Furthermore, a recent investigative report ( by an election official in Philadelphia County highlighted the problem of voter fraud and related election irregularities.  Even though the report was based only on spot-checking, it nevertheless details numerous examples of voter impersonation, voting by individuals in more than one precinct, voting by non-citizens or others ineligible to vote, more votes cast in precincts than voters who officially voted and various other irregularities.  In short, serious voting irregularities, whether constituting fraud or not, are committed in Pennsylvania in Democratic-dominated areas, of a kind that would be reduced by the requirement of voters to provide photographic identification.  Indeed, liberals mislead by focusing on the term “election” or “voter fraud,” which is legally defined as a crime, while ignoring the more common irregularities of allowing ineligible people to vote when the criminal intent to commit “fraud” is absent. 

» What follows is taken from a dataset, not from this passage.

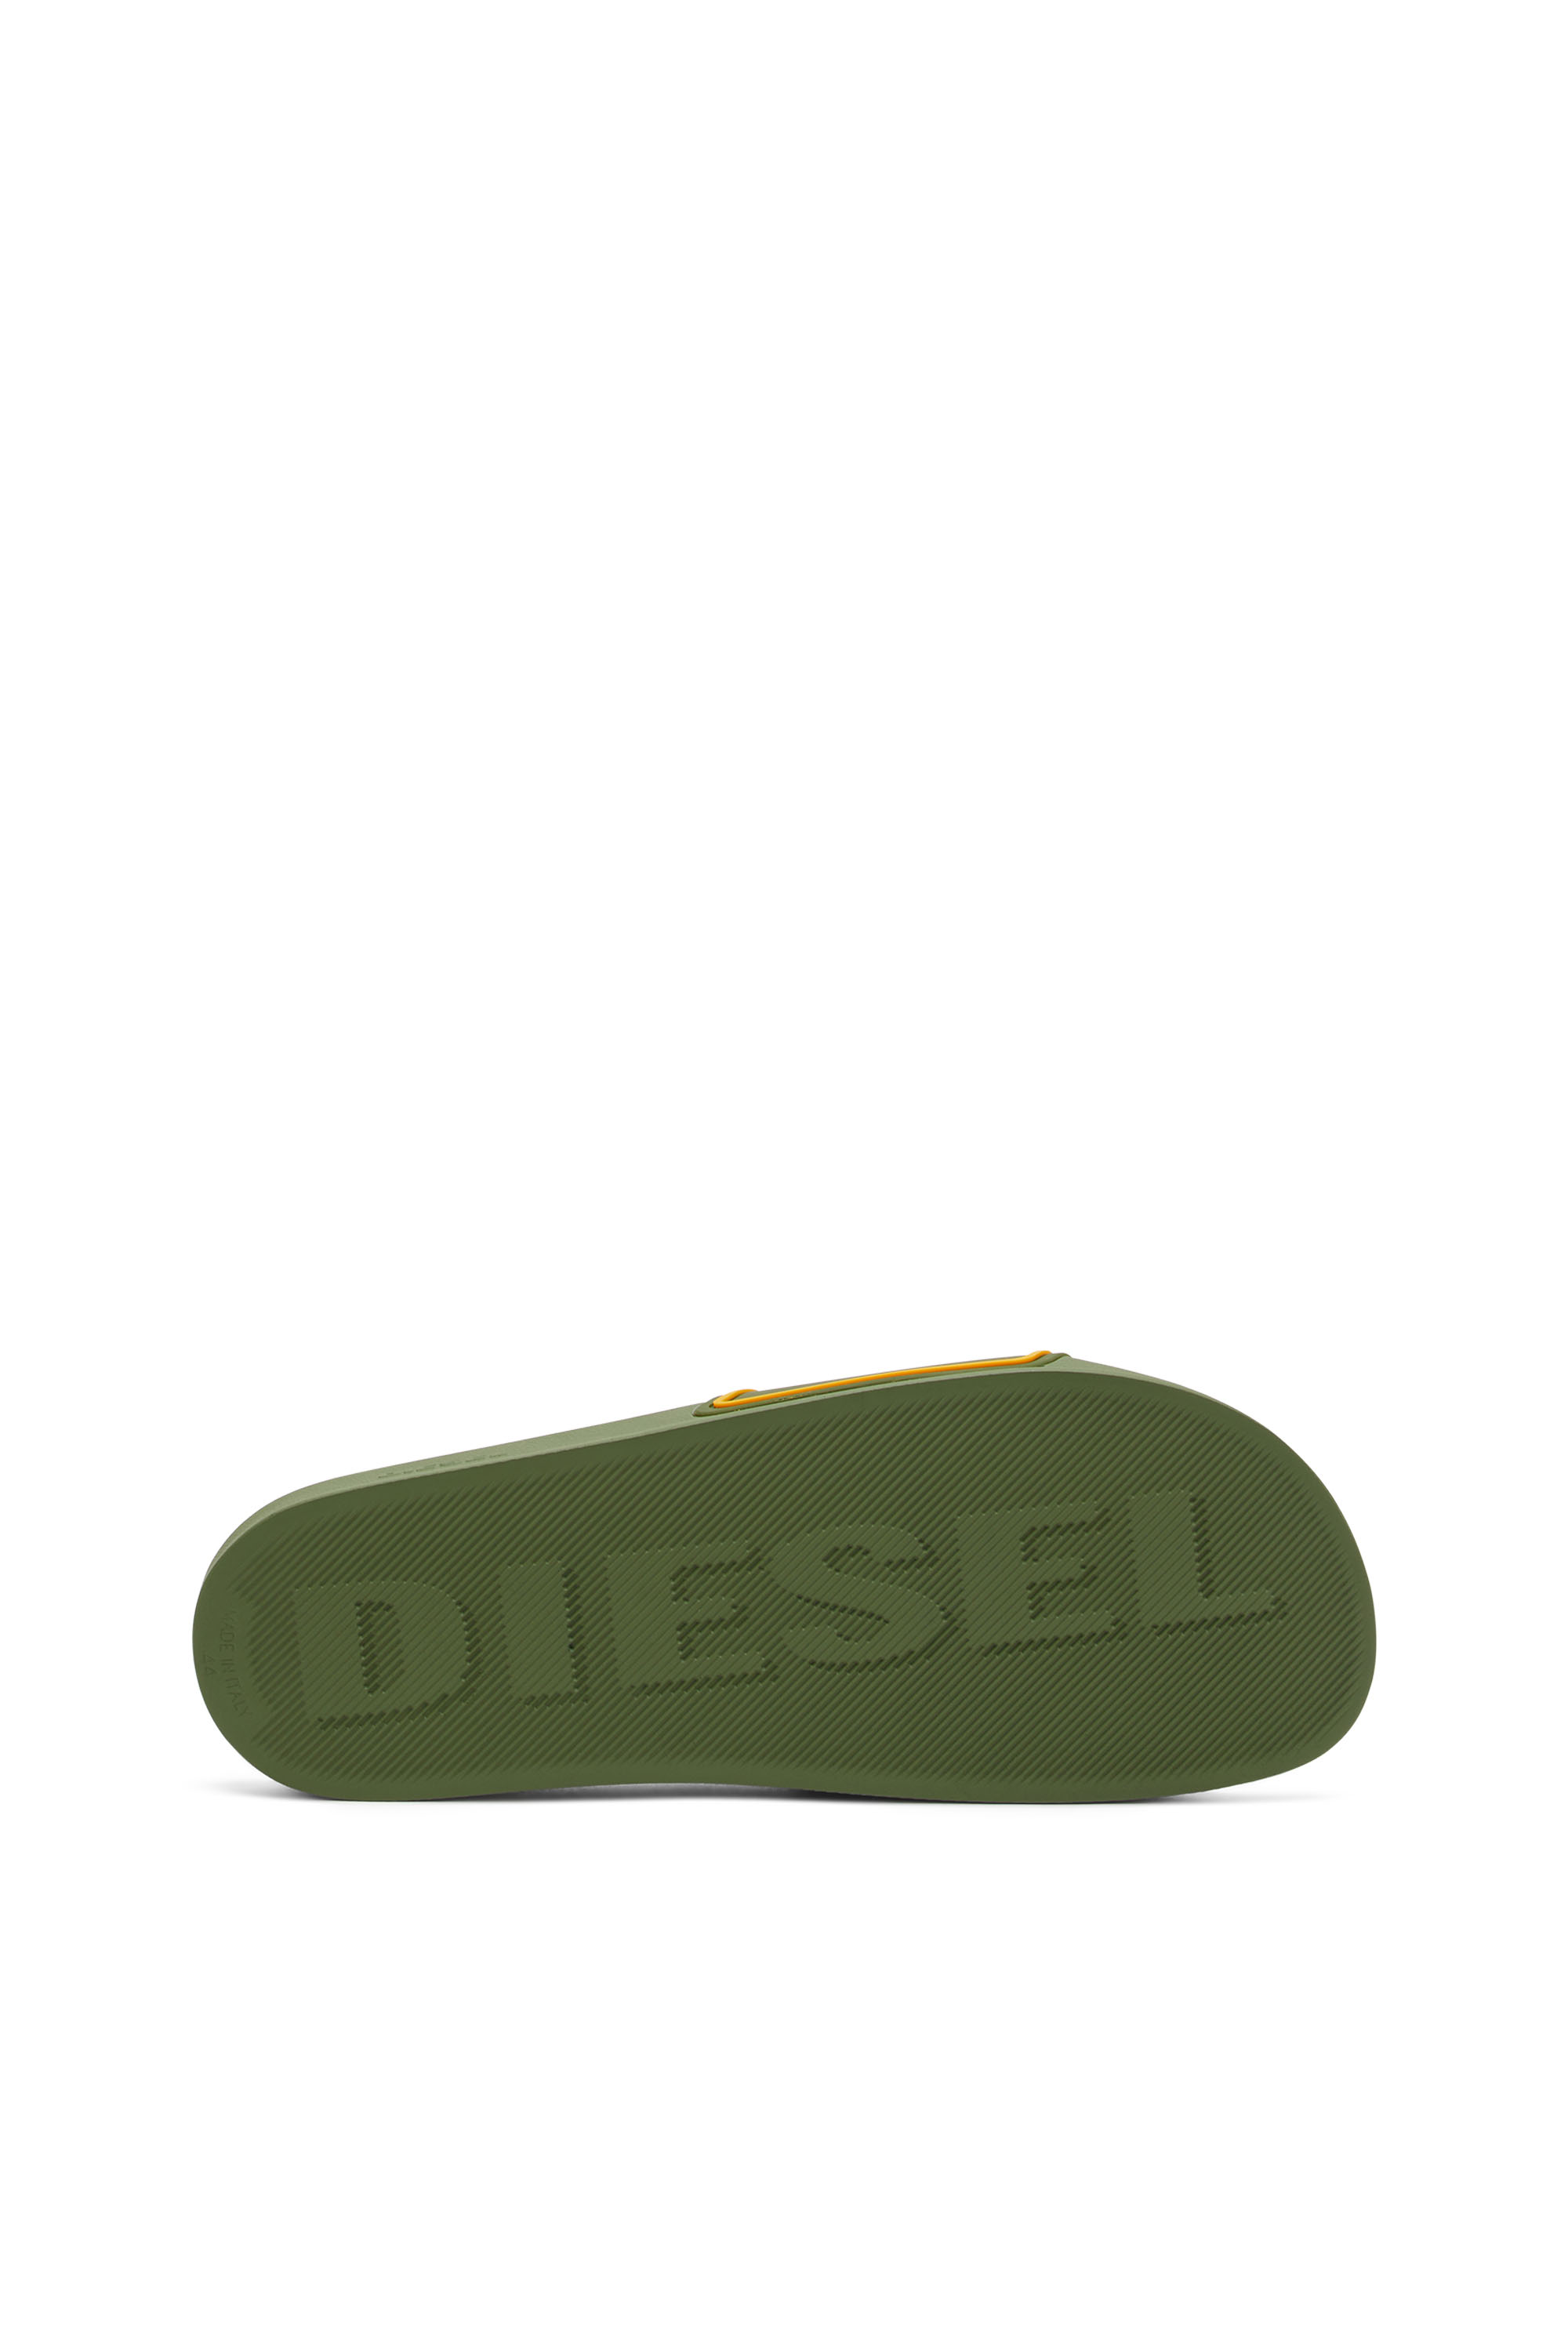 Diesel - SA-MAYEMI CC, Green - Image 4

Philadelphia County is the same place where armed members of the New Black Panthers engaged in voter intimidation during the 2008 General Election.  The liberal Obama Administration’s Attorney General Eric Holder opted not to prosecute them for voter intimidation, while liberals play the race card by accusing proponents of voter identification of voter intimidation, especially of blacks – a convenient argument that allows Democrats to continue to commit election fraud, especially in Philadelphia, with impunity. 

The liberals’ argument against the voter identification requirement would be worse than saying that a crackdown on bank robbery would represent the taking away of the right to bank.  It would be even worse than saying that cracking down on bank robbery is itself the crime of bank robbery (like saying “the cure is the disease”) because exercising the privilege to vote, as the means to hold government accountable and thereby to safeguard liberty, is more basic to freedom than even the right to bank.